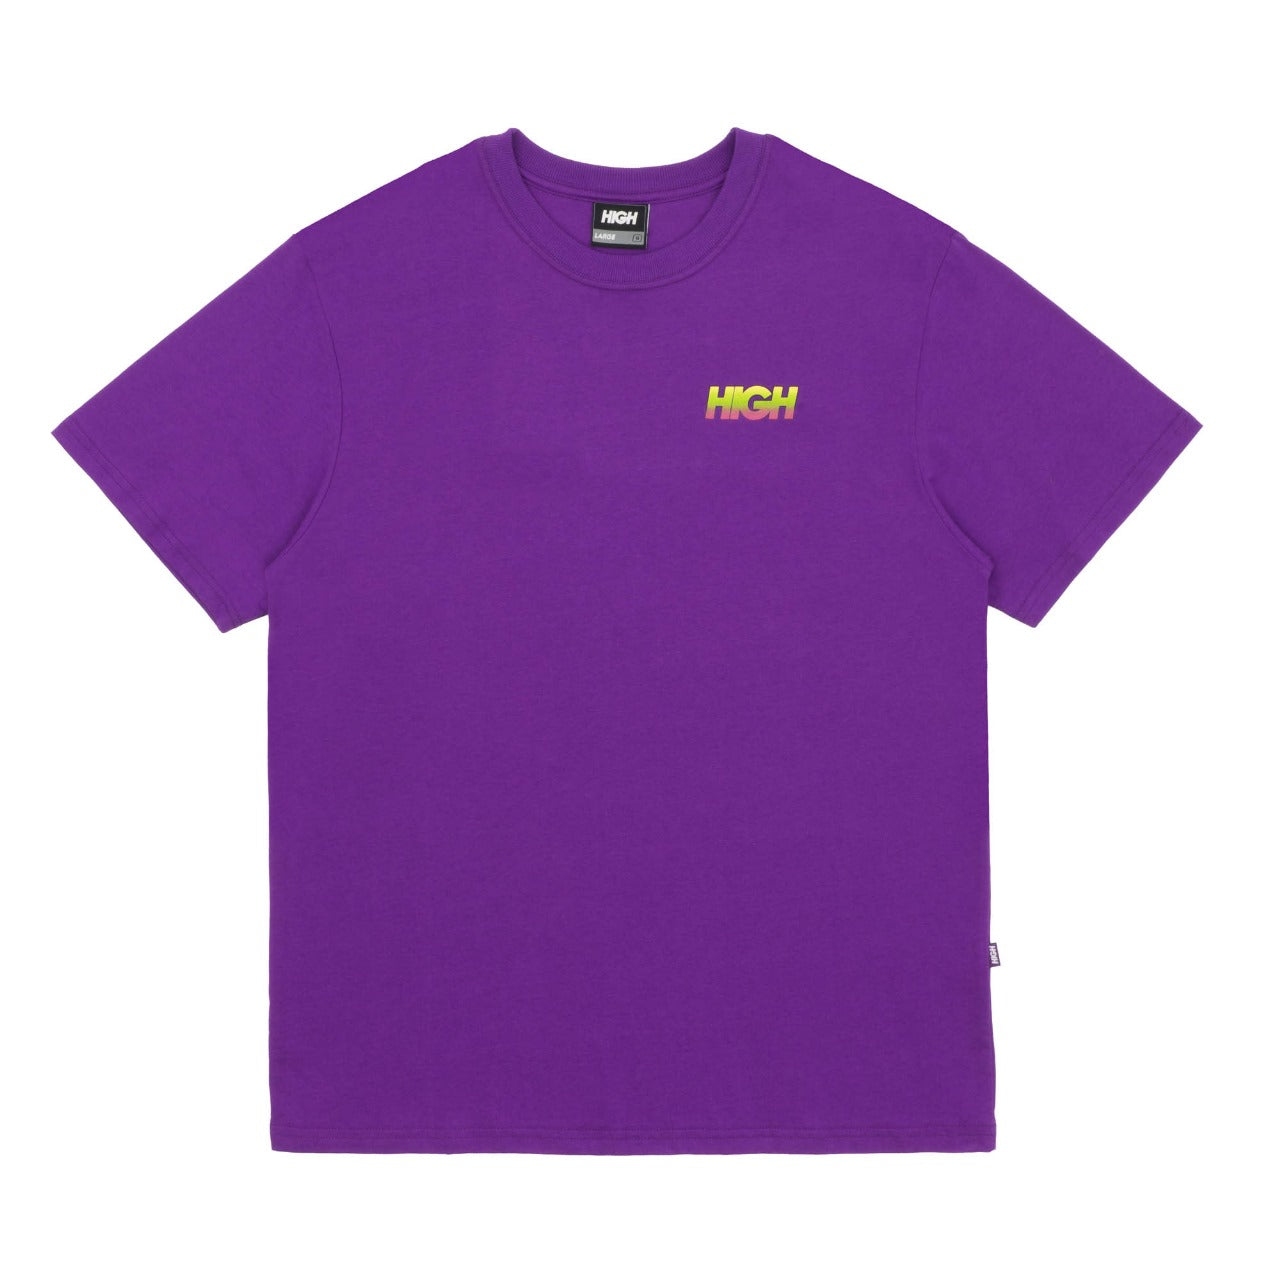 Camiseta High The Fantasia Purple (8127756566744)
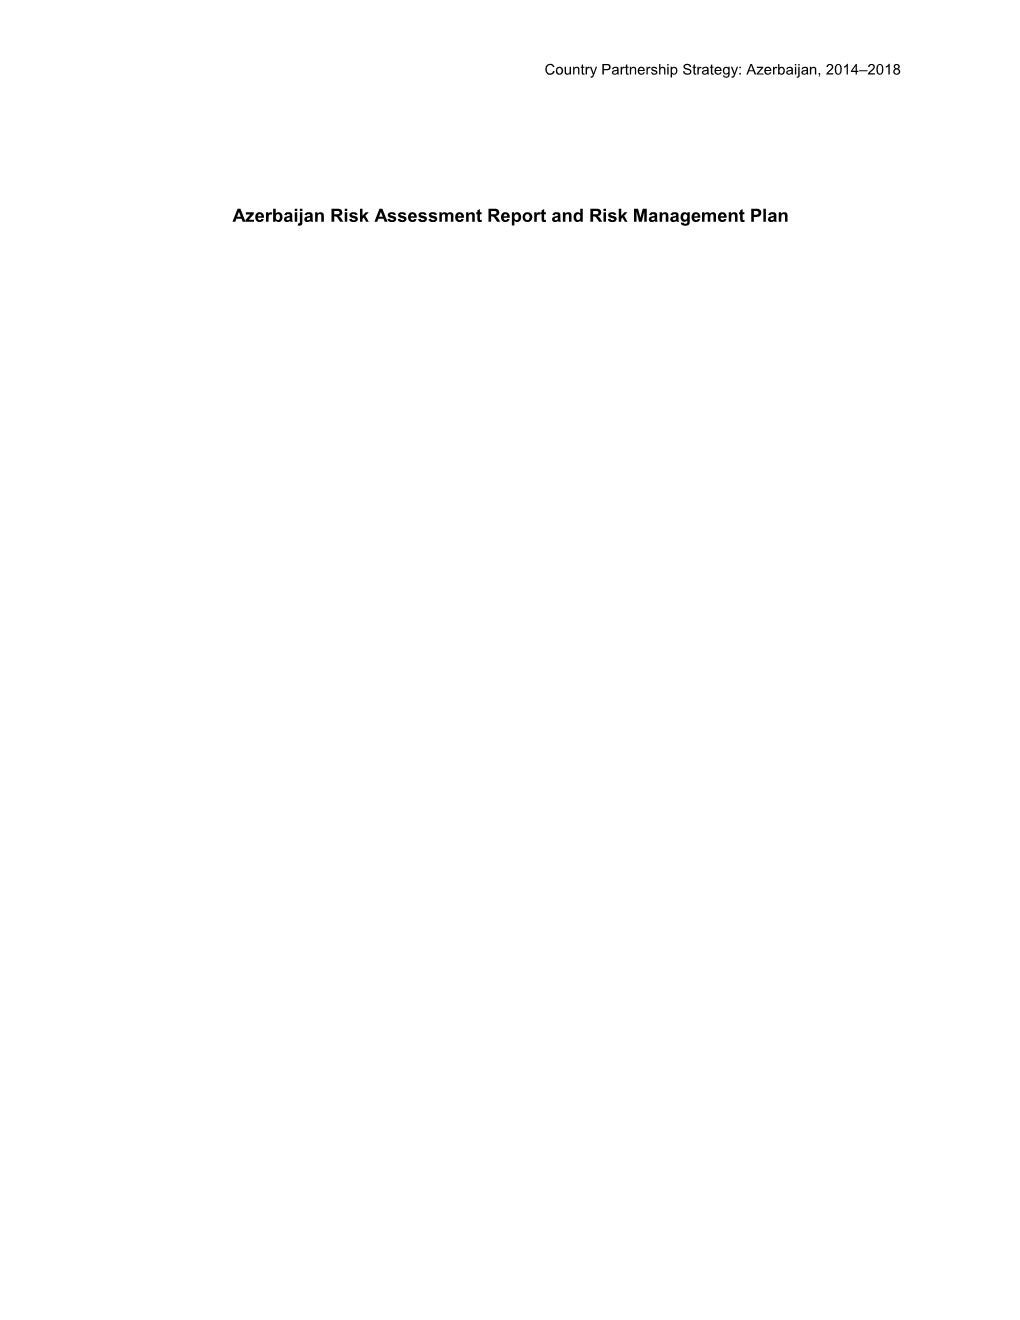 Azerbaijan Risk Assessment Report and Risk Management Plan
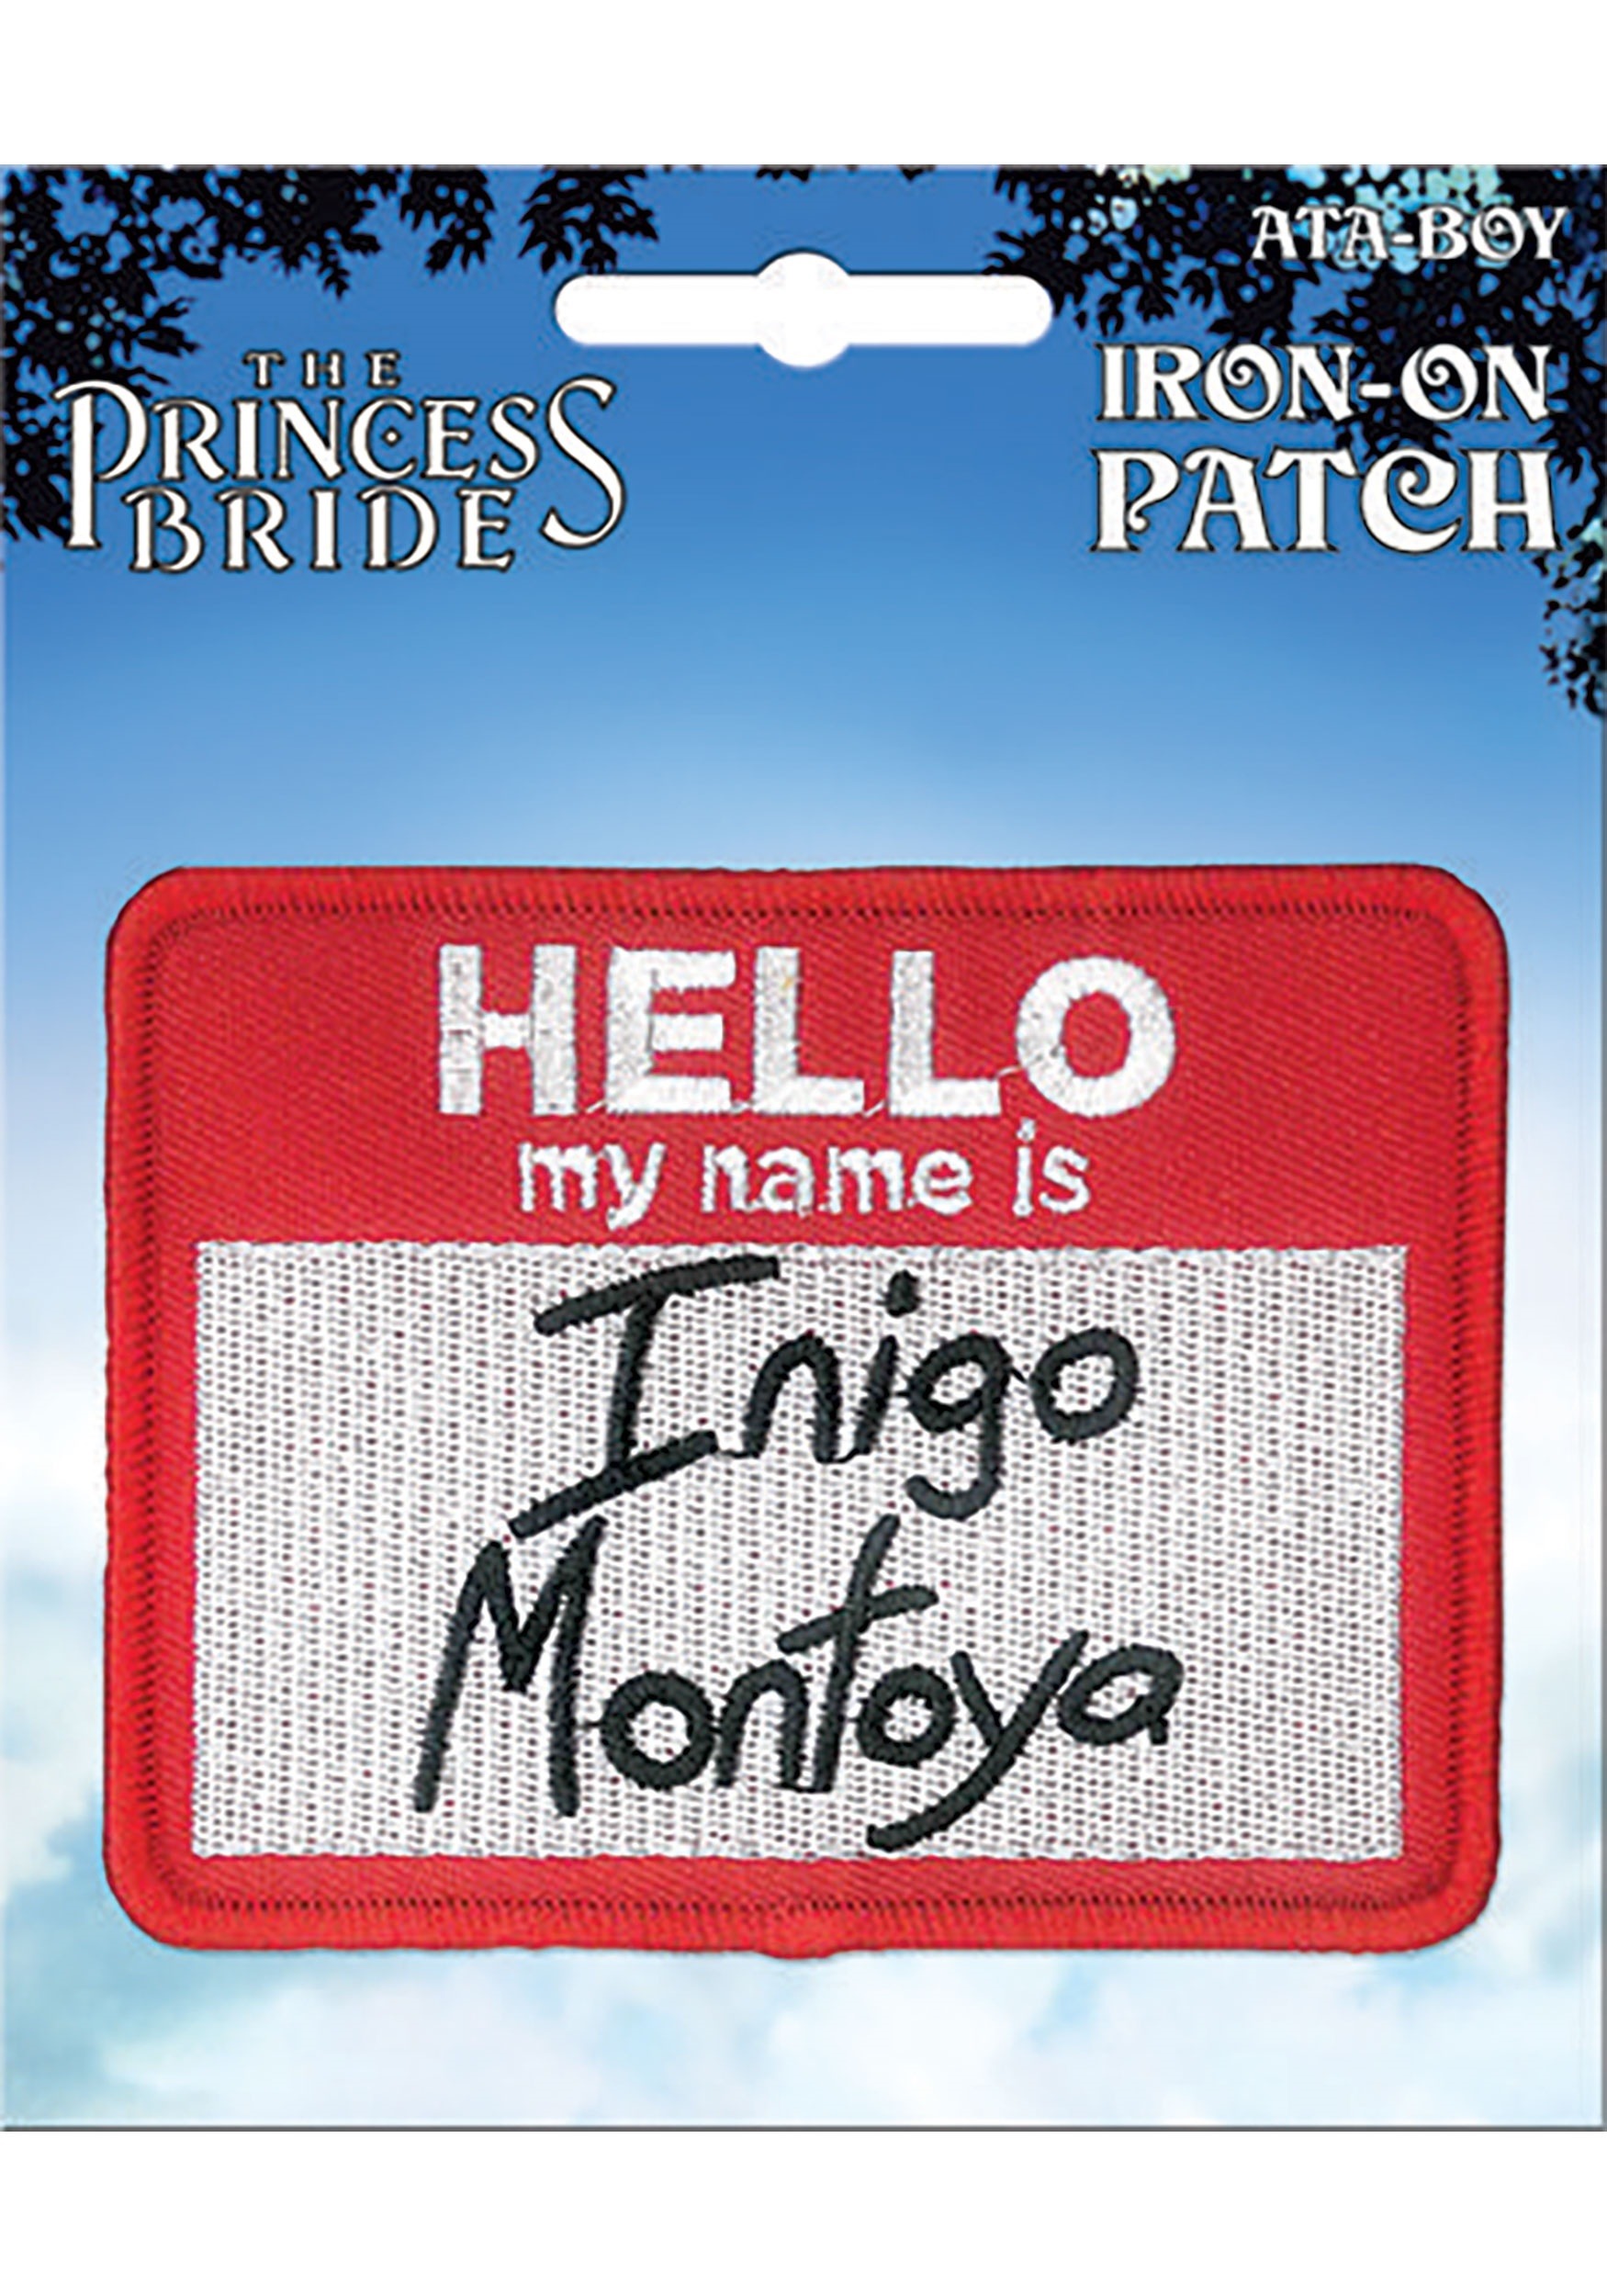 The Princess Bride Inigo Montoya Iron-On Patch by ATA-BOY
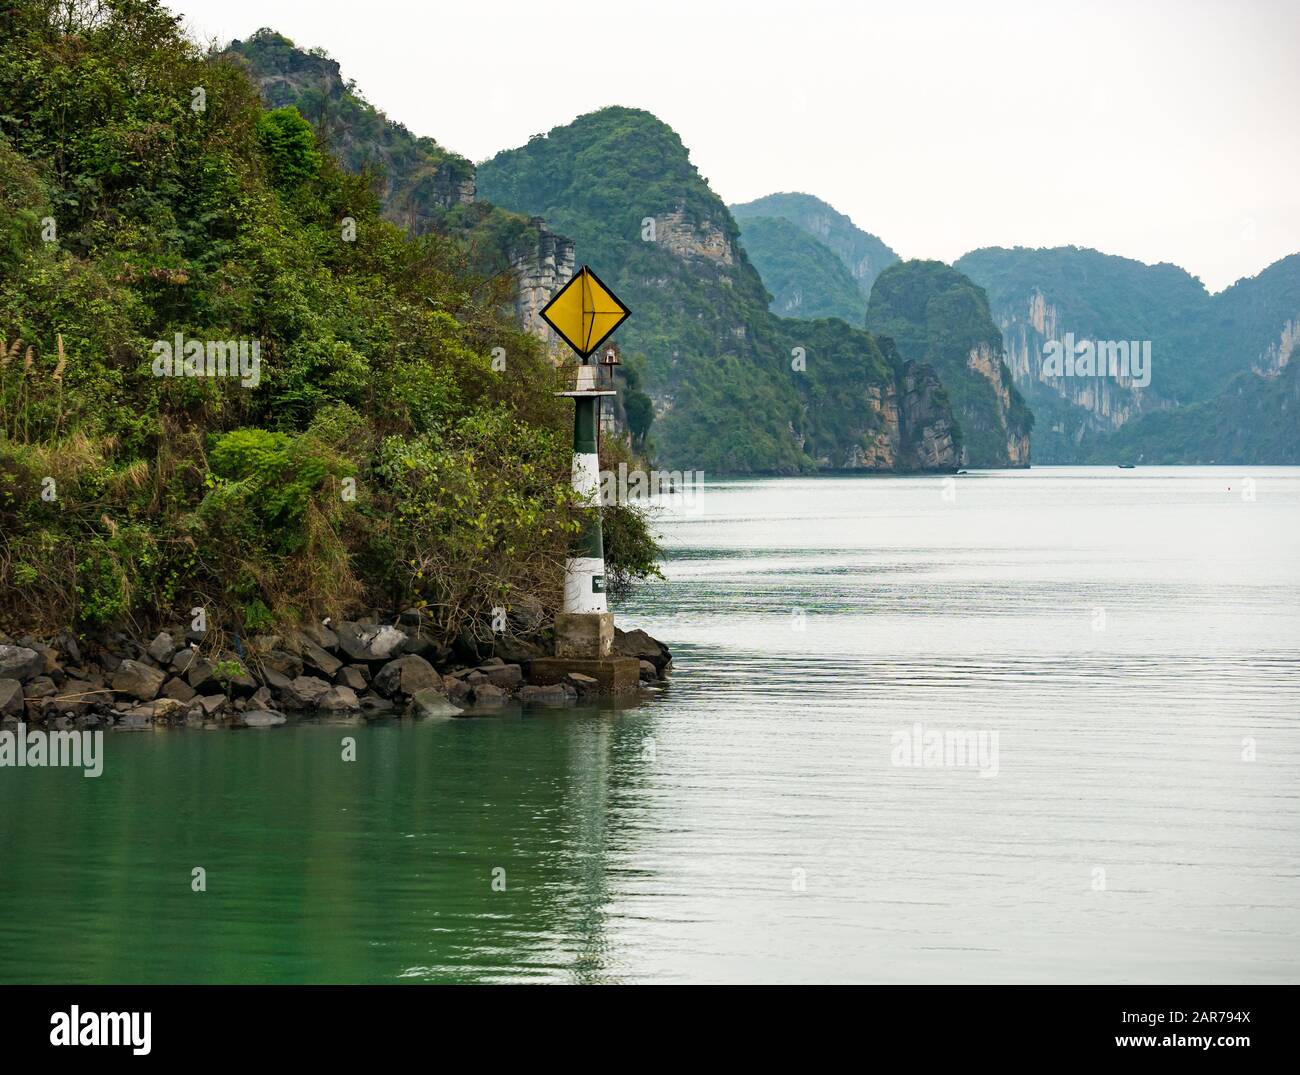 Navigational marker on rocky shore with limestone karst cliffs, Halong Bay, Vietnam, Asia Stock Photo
------------------------------------------------------------
**DESCRIPTION OF THE TASK**
Exactly as given, set down each line of the material, but include no pictures.

**TASK ANSWER**
 Camiseta High The Fantasia Purple (8127756566744)
 Azerbaijan Risk Assessment Report and Risk Management Plan
 The Princess Bride Inigo Montoya Iron-On Patch by ATA-BOY
 Navigational marker on rocky shore with limestone karst cliffs, Halong Bay, Vietnam, Asia Stock Photo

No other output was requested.